Jakarta Yayasan Konsumen Tekstil Indonesia (YKTI) memprotes rencana kenaikan PPN menjadi 12 persen. Kenaikan ini lantaran sepenuhnya dibebankan pada konsumen akhir.
Dalam hitungan kami, ketika PPN dikenakan 11 persen, maka sebenarnya PPN yang terbeban pada konsumen akhir itu sebesar 19,8 persen, karena rantai nilai tekstil itu panjang dimana setiap pembayaran pajak yang dikeluarkan oleh setiap subsektor akan dibebankan pada harga barang. Jika PPN dinaikan menjadi 12 persen maka beban konsumen akhir menjadi 21,6 persen dari harga barang sebenarnya, kata Direktur Eksekutif YKTI, Ardiman Pribadi, Senin (25/11/2024).
Ardiman menilai di tengah kondisi dayabeli masyarakat yang sedang menurun, dikhawatirkan kenaikan PPN ini akan berimbas pada turunnya konsumsi tekstil masyarakat, sehingga tujuan pemerintah untuk menerima pemasukan yang lebih besar justru menjadi kontra produktif karena turunnya konsumsi tekstil masyarakat akan mengakibatkan turunnya penjualan industri tekstil. Oleh karena itu, YKTI menyarankan agar Kementerian Keuangan (Kemenkeu) fokus memberantas impor ilegal.

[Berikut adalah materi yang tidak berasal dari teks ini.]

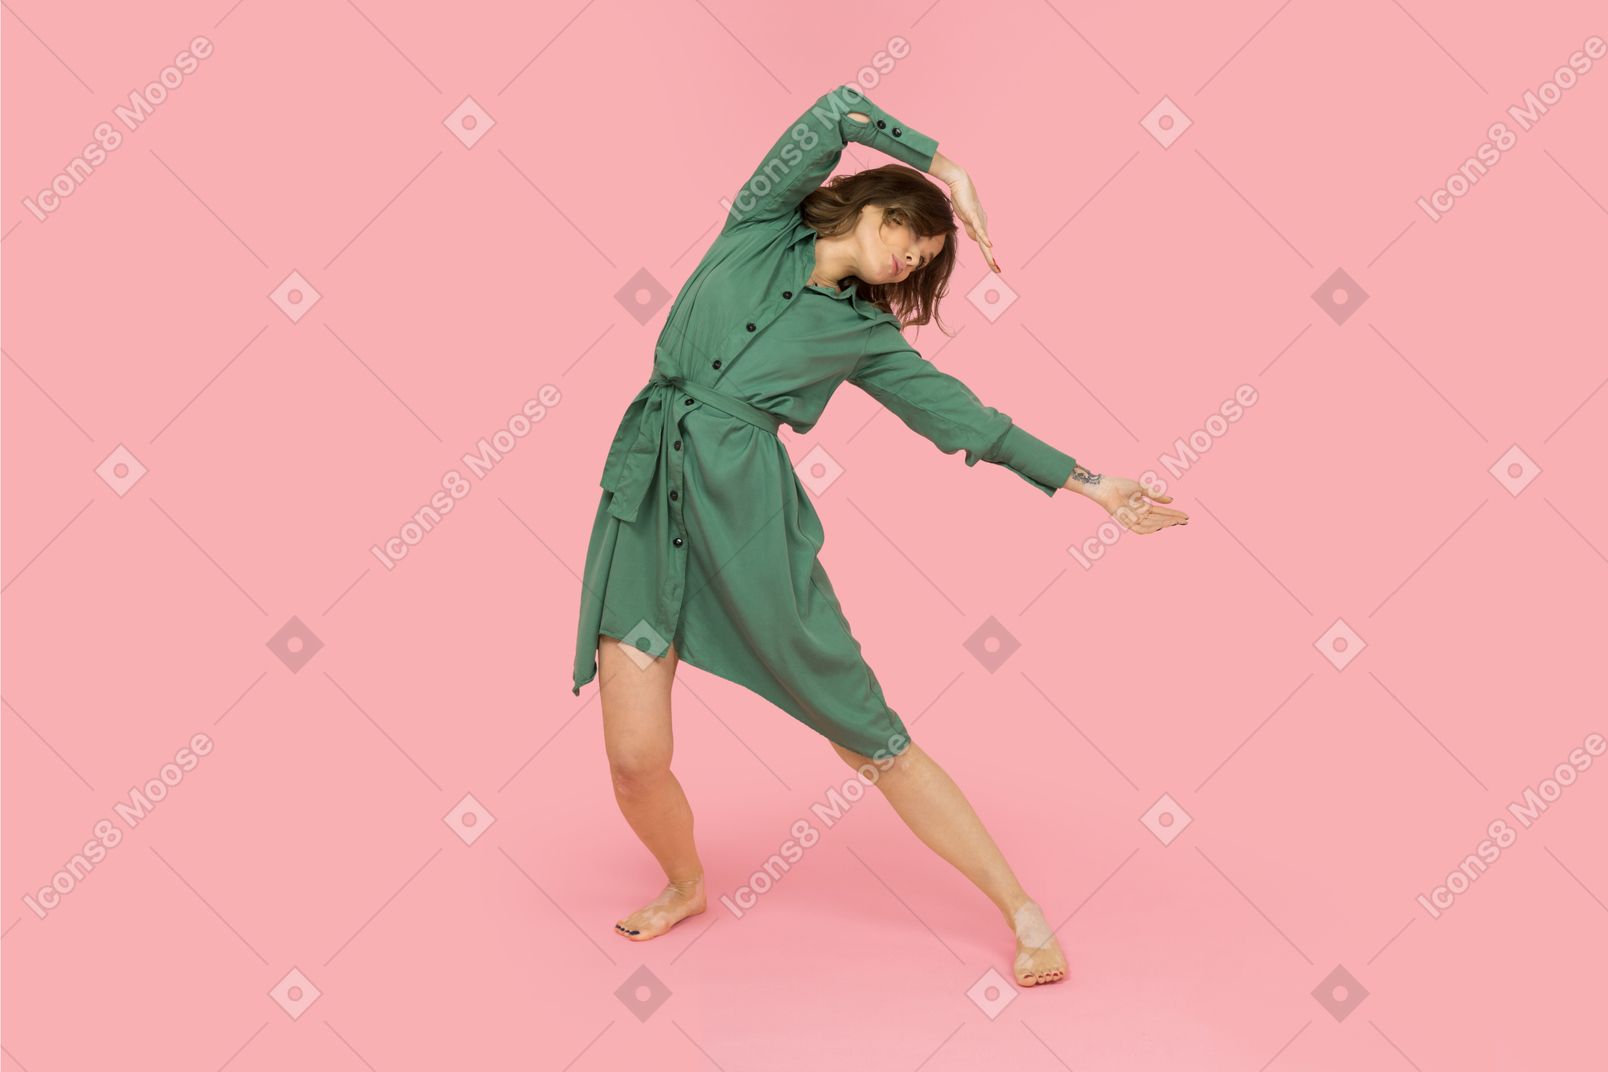 Femme en robe verte dansant seule
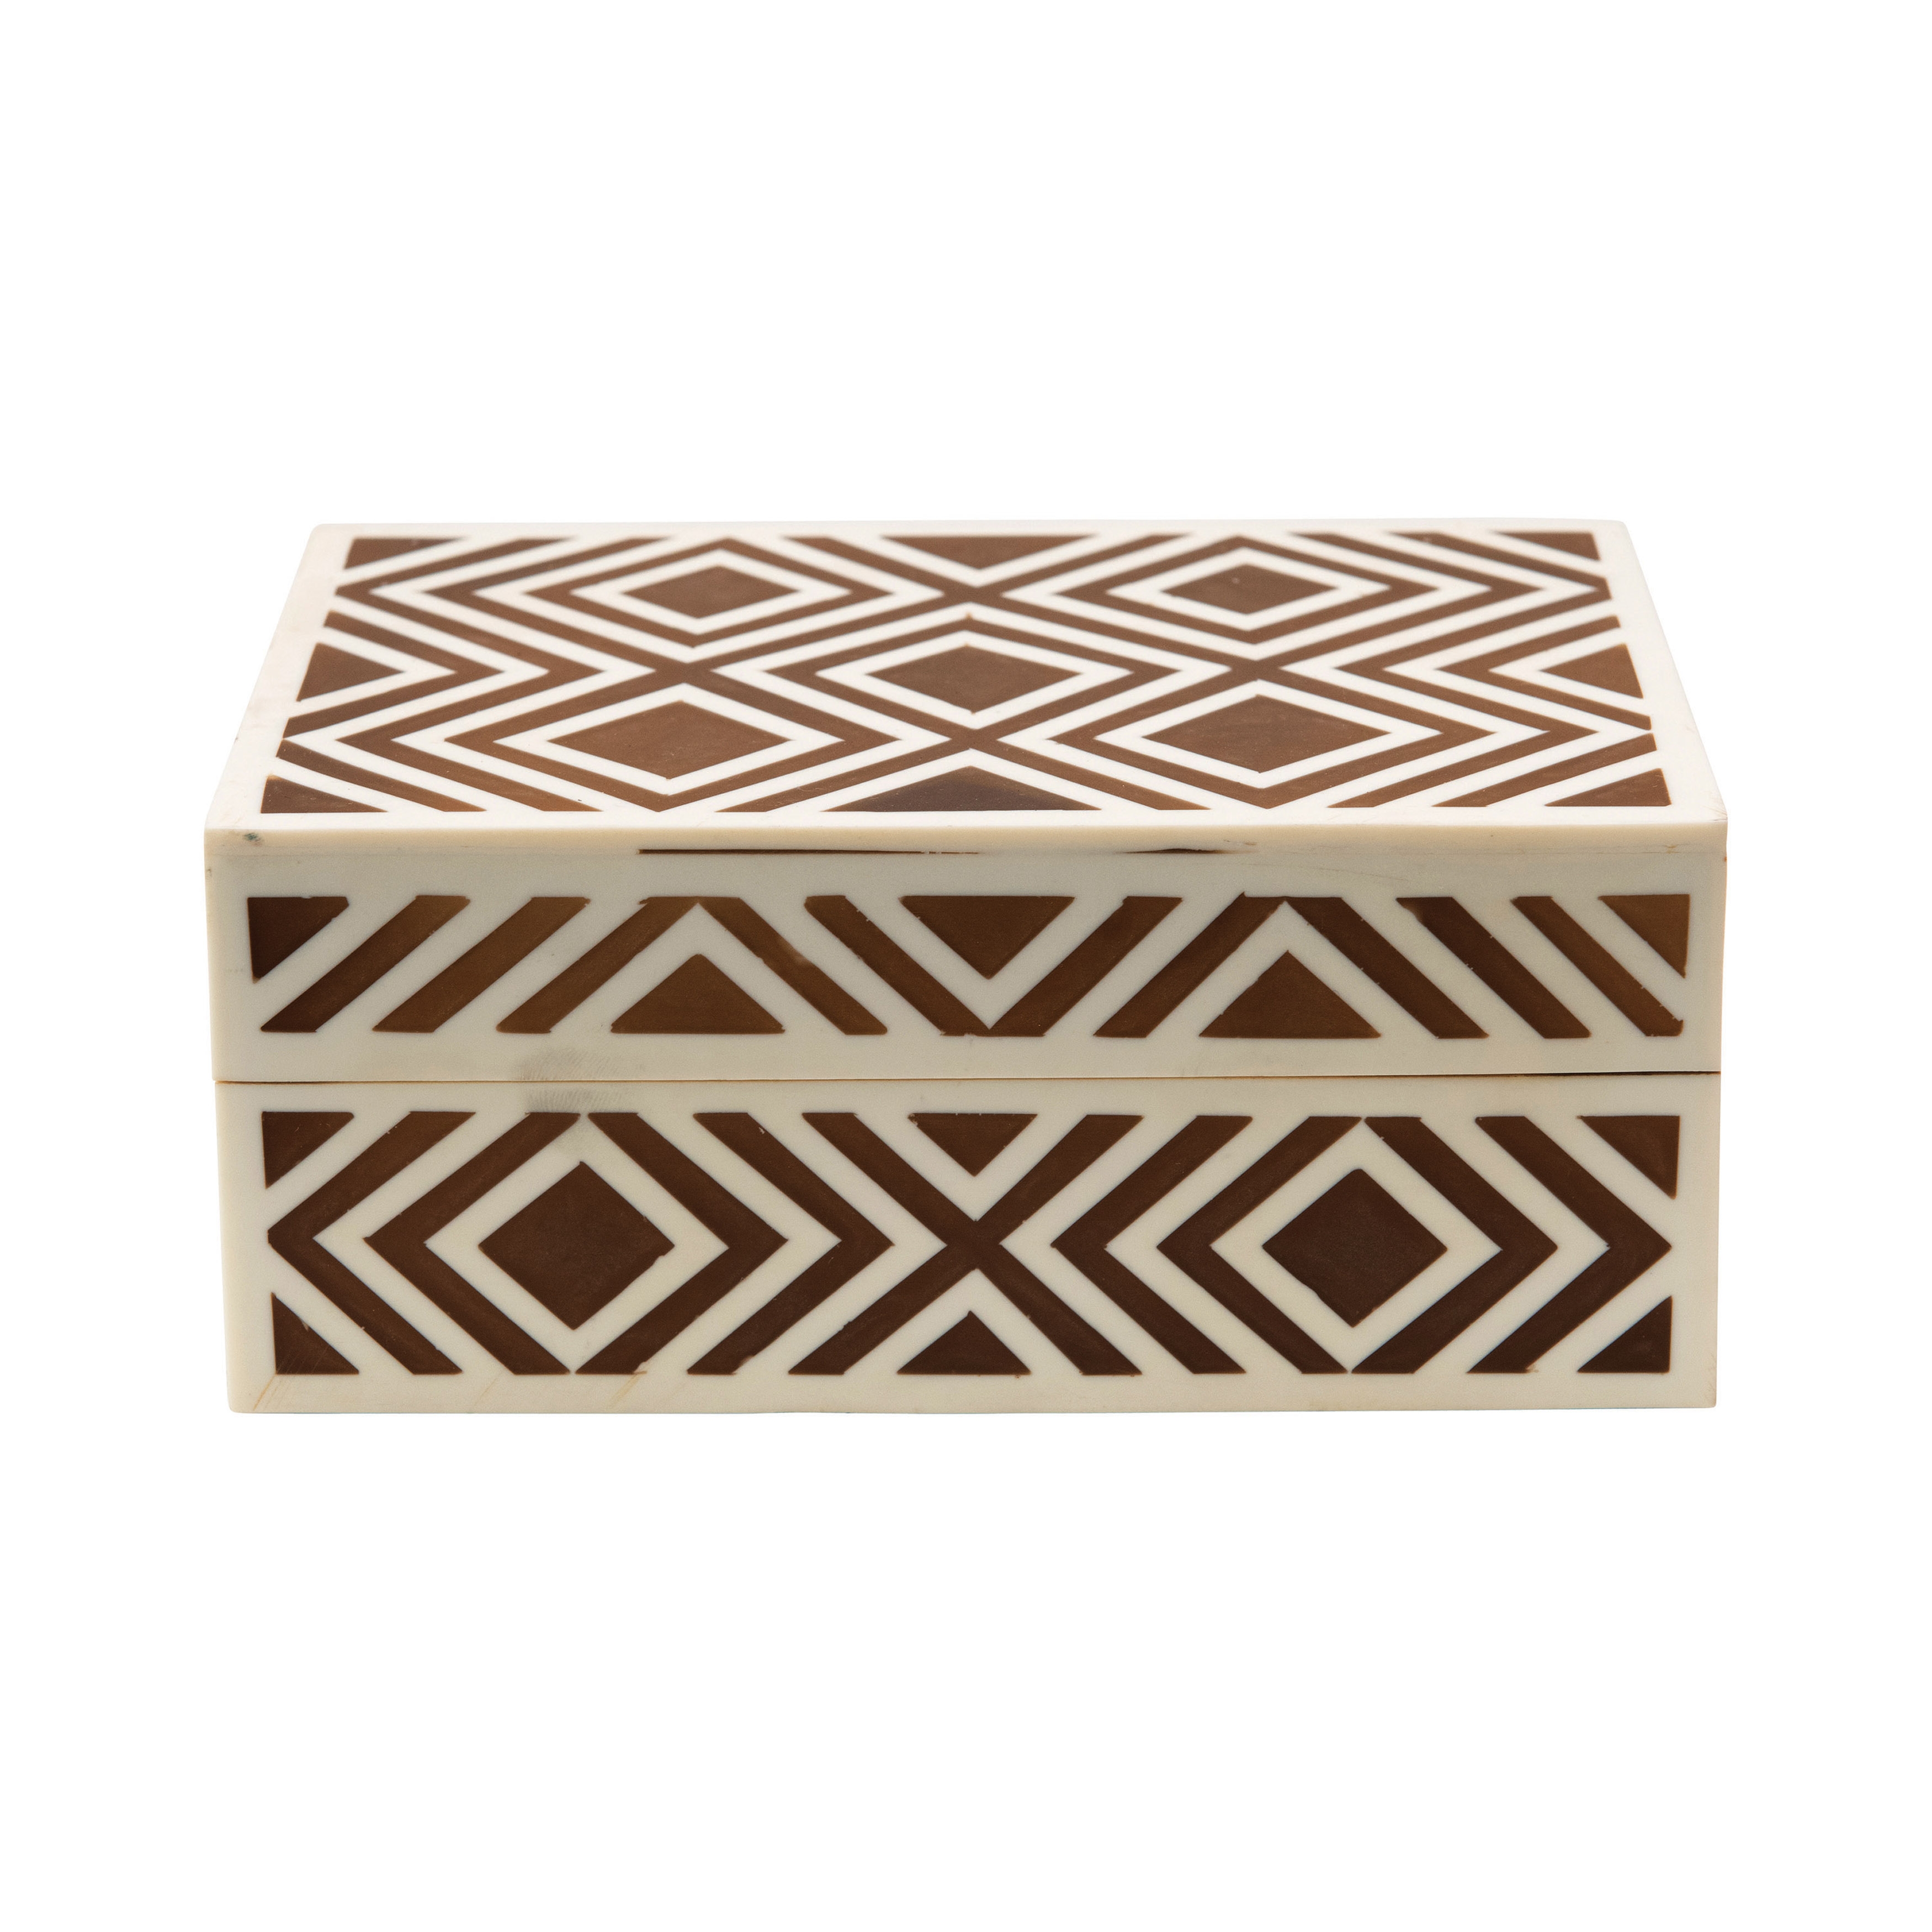 Pattern Inlay Decorative Box, Brown & Cream - Image 0

Kalau kita hitung dari data selisih perdagangan TPT di trade map, dalam 5 tahun terakhir diperkirakan penerimaan negara hilang Rp46 triliun karena gap perdagangannya kan capai USD7,2 milir atau sekitar Rp106 triliun nilai barang yang tidak bayar Bea Masuk, PPN dan PPh” jelas Ardiman.
Menurutnya, asal impor ilegal diberantas, penerimaan negara dari TPT akan naik Rp9 triliun pertahun tanpa harus menaikan PPN.
Disisi lain, pemberantasan importasi ilegal juga akan menggairahkan kembali bisnis produksi TPT ditanah air sehingga pabrik-pabrik tekstil akan meningkatkan utilisasi produksinya, kembali beroperasi dan menyerap tenaga kerja hingga mempekerjakan tambahan karyawan.
Masyarakat yang bekerja dan berpenghasilan secara otomatis akan meningkatkan dayabeli dan konsumsi, nah disini baru pemerintah akan mendapatkan imbasnya di PPN, pungkasnya.